# Lüfter und Ram



## maseywald (7. Mai 2016)

*Lüfter und Ram*

Hallö liebstes Forum,

hätte zwei Anliegen: Ich bin am überlegen, ob ich meinen Desktop PC (Signatur) um diverse Lüfter ergänzen sollte. Im Thermaltake waren zwei Lüfter eingebaut, einer vorne unten und einer hinten oben (Laut thermaltake.com 2x 120mm mit 1000 RPM). Weiß nicht, ob man die ergänzen, ersetzen oder gar nichts machen sollte 

Das andere wäre mein Laptop (Terra Wortmann 1512 - findet man nicht mal mehr auf der Wortmann Website).

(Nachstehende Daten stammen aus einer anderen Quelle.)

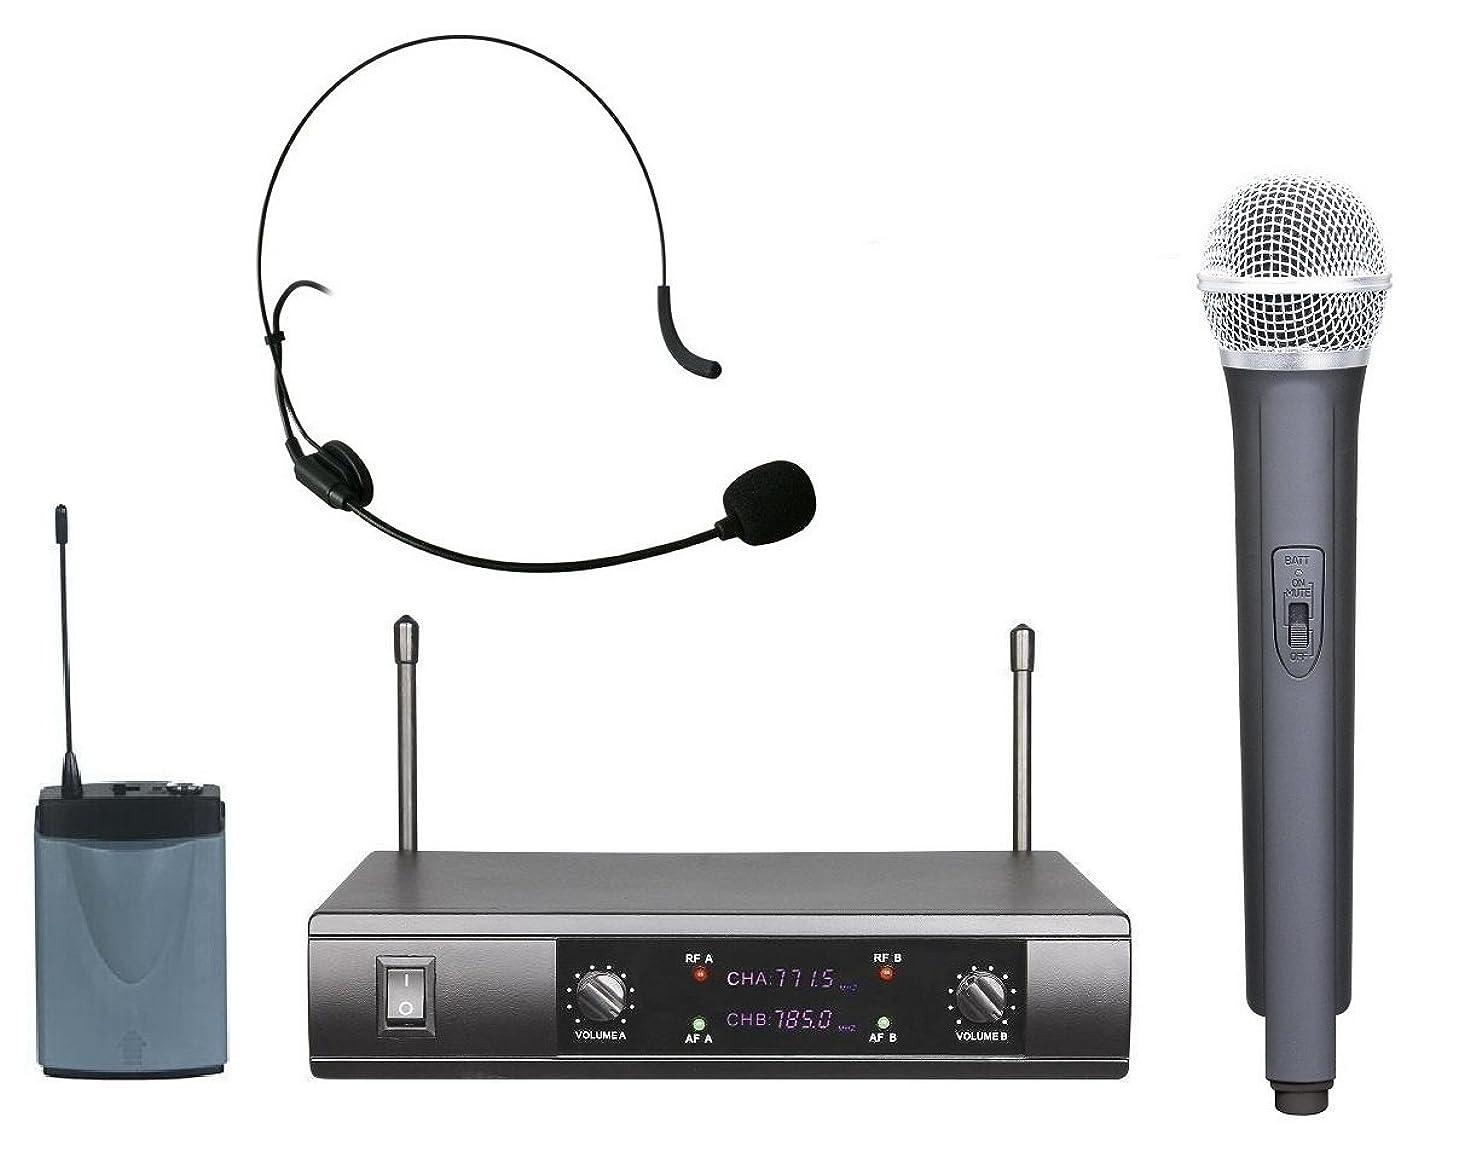 Boly Professional UHF Dual Channels Wireless Radio Handheld Headset Headworn Microphone System

Hab mal Speccy laufen lassen:
CPU - Intel Celeron 1037U (Ivy Bridge 22nm)
RAM - 4GB DDR3 798 MHz (Hier würd ich gerne auf 8 GB upgraden, tu mir aber schwer, offizielle Kompatibilitätslisten zu finden).
Motherboard - Wortmann_AG TERRA_MOBILE_1512/1712 (SOCKET 0) (Ivy Bridge) (Chipsatz Revision 09) (Weiß nicht welche Infos das weiterhelfen )

Ich würde mir gerne den Crucial 8GB (1 x Crucial SO-DIMM   8GB, DDR3L-1600, CL11 (CT102464BF160B)) holen, oder einen ähnlichen


----------



## Tech (7. Mai 2016)

*AW: Lüfter und Ram*

Was soll der Lüfterwechsel denn bezwecken? Soll der PC leiser oder kühler werden?


----------



## maseywald (7. Mai 2016)

*AW: Lüfter und Ram*

Eher leiser, da es unter Last schon etwas lauter wird. Ich kann halt leider nicht sagen, welche(r) Lüfter da laut wird/werden. Und generell hab ich gelesen, dass man da immer was optimieren kann


----------



## Tech (7. Mai 2016)

*AW: Lüfter und Ram*

Dann solltest du mal die Seitenabdeckung öffnen und dein Ohr hinein halten wenn es gerade laut ist.

Welche PowerColor Radeon R9-390 hast du denn genau? Die PCS+ ist eigentlich recht leise, außer, sie hat einen Defekt.


----------



## Rotkaeppchen (7. Mai 2016)

*AW: Lüfter und Ram*



maseywald schrieb:


> ... Ich bin am überlegen, ob ich meinen Desktop PC (Signatur) um diverse Lüfter ergänzen sollte....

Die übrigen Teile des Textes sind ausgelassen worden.